American scientist (born 1980)

Erez Lieberman Aiden (born 1980, né Erez Lieberman) is an American research scientist active in multiple fields related to applied mathematics. He is the Department Chair of Biochemistry and Molecular Biology at the University of Texas Medical Branch, Professor of Biosciences at Rice University, and formerly a fellow at the Harvard Society of Fellows and visiting faculty member at Google. Using mathematical and computational approaches, he has studied evolution in a range of contexts, including that of networks through evolutionary graph theory and languages in the field of culturomics. He has published scientific articles in a variety of disciplines.
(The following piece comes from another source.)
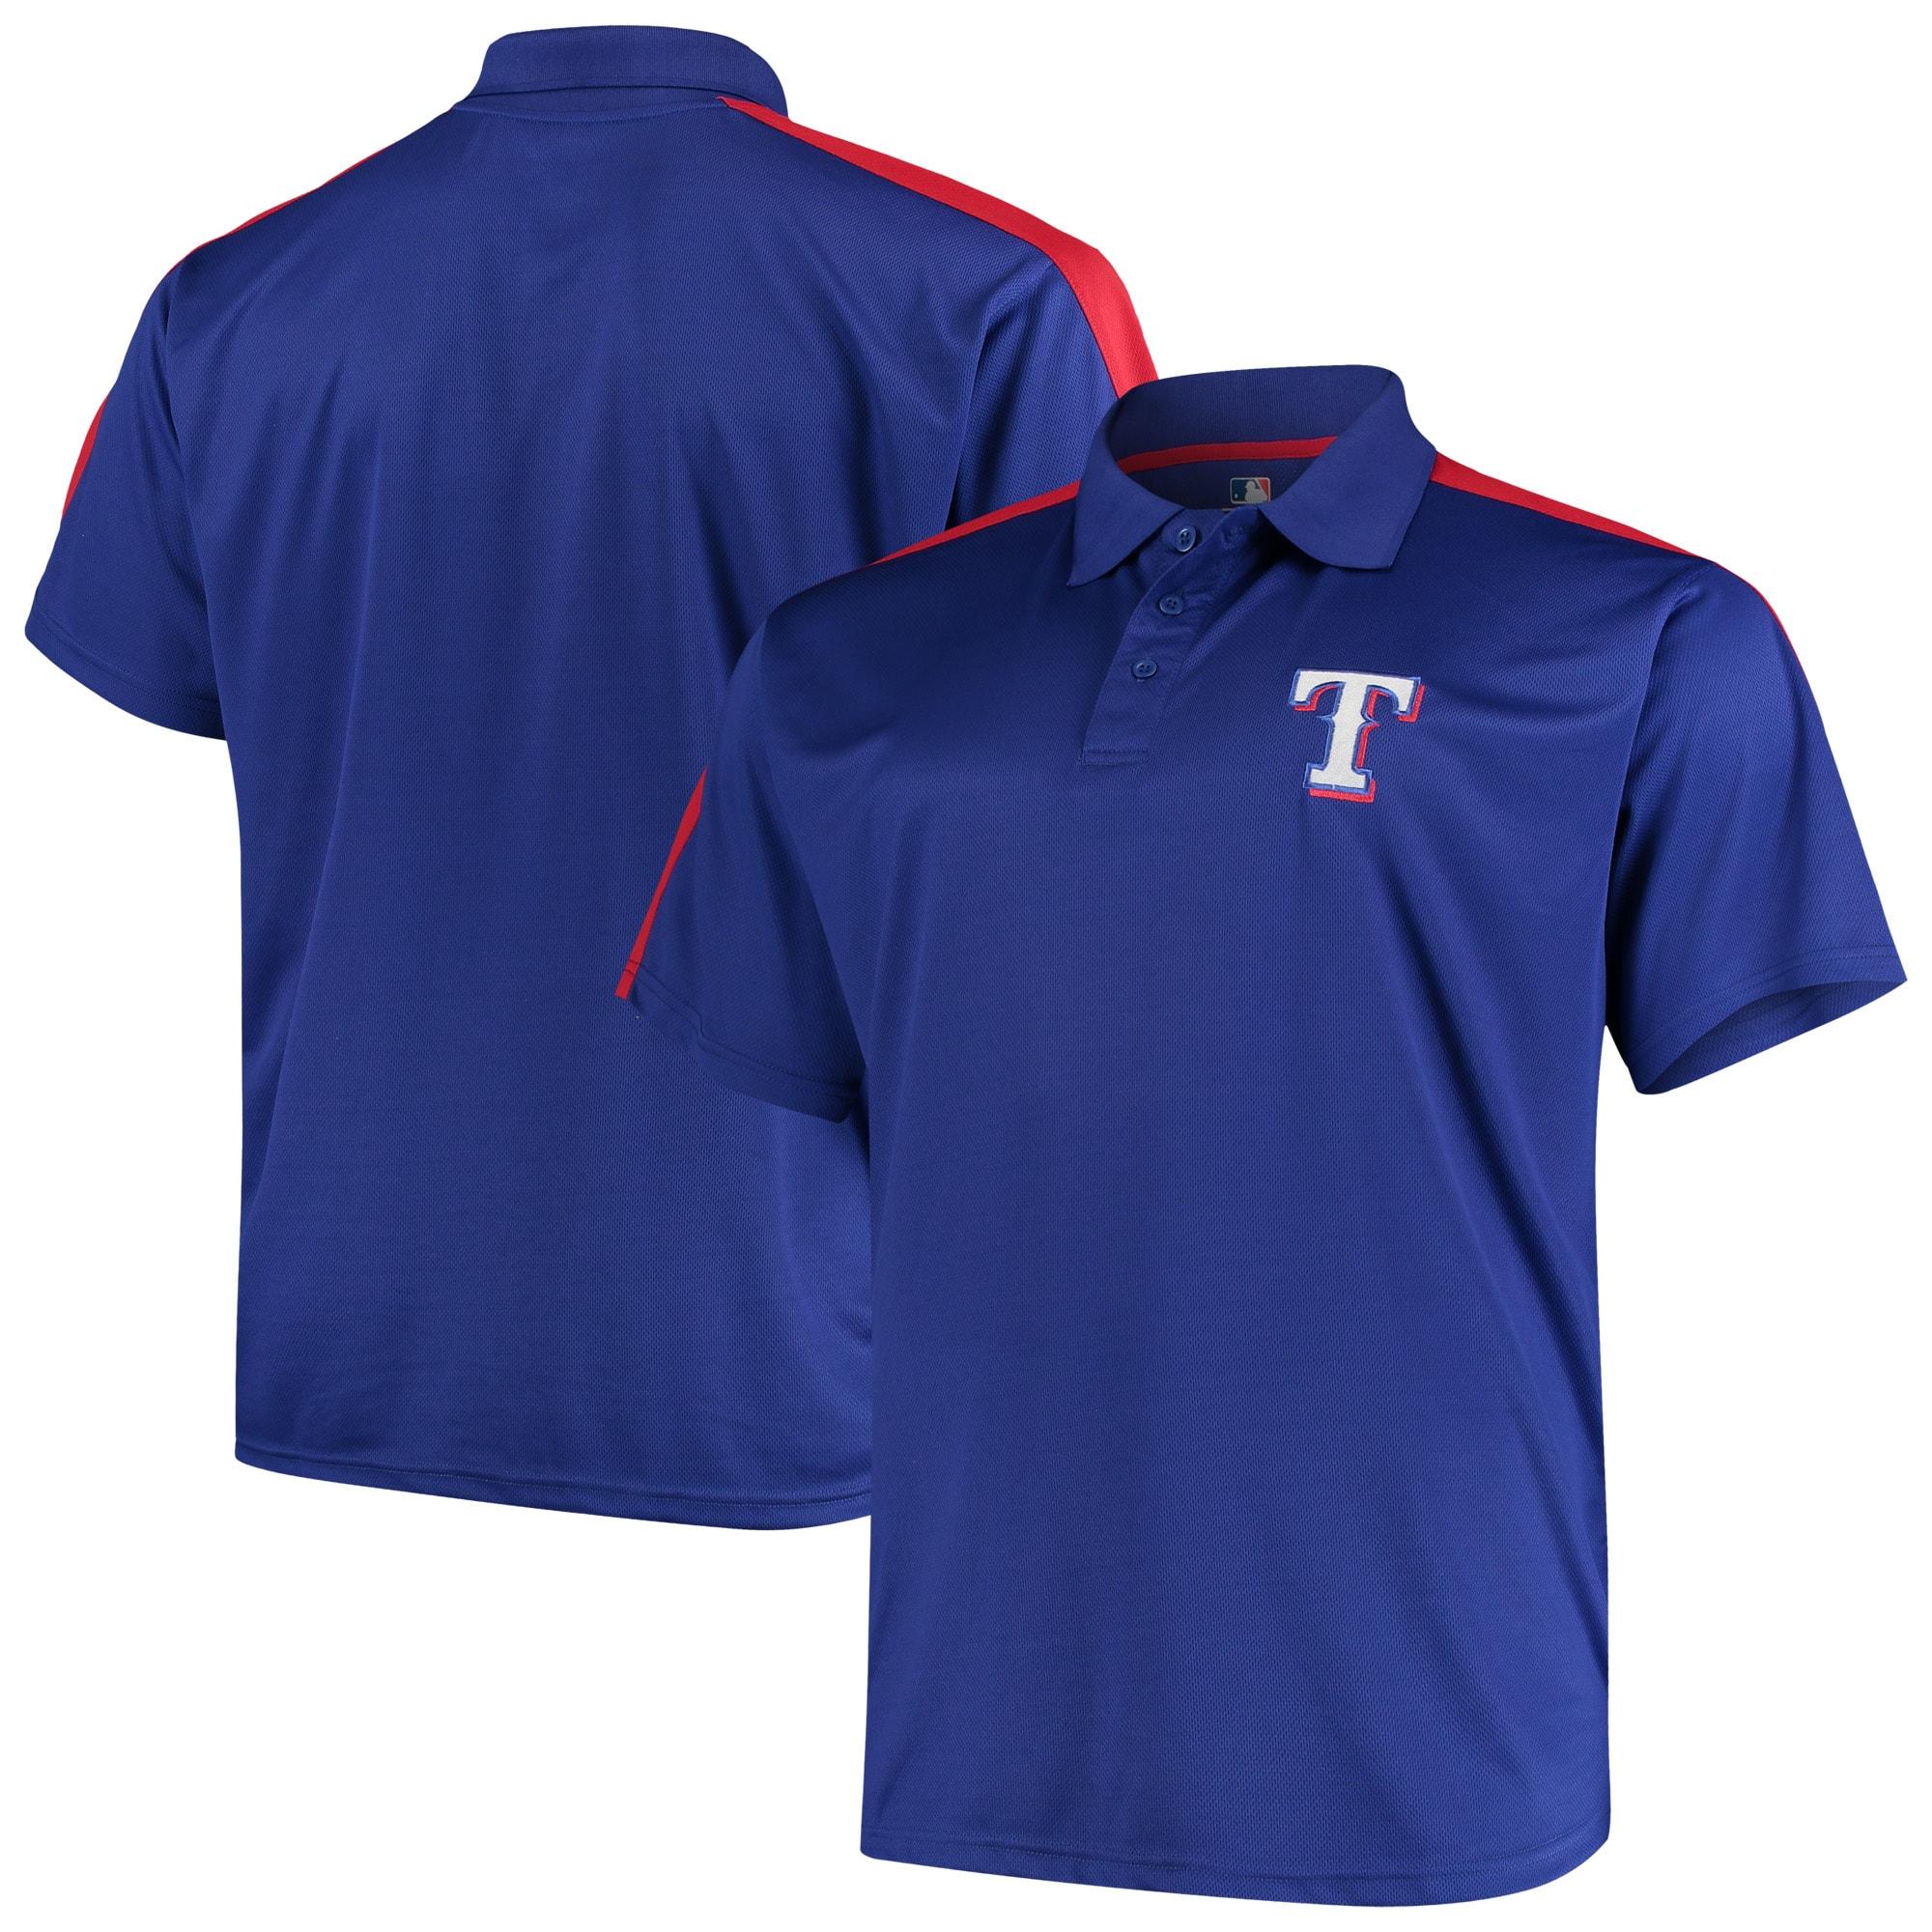 Texas Rangers Big & Tall 2-Tone Birdseye Polo - Royal/Red

Lieberman Aiden has won awards including the Lemelson–MIT Student Prize and the American Physical Society's Award for Outstanding Doctoral Thesis Research in Biological Physics. In 2009, Lieberman Aiden was named as one of 35 top innovators under 35 by Technology Review and in 2011 he was one of the recipients of the Presidential Early Career Award for Scientists and Engineers.

==Early life and education ==
Lieberman grew up in Brooklyn with three siblings. He began computer programming at the age of seven. His father, Aharon Lieberman, was a technology entrepreneur and owned a factory in New Jersey. As a child Lieberman Aiden spoke Hebrew and Hungarian, making English his third language.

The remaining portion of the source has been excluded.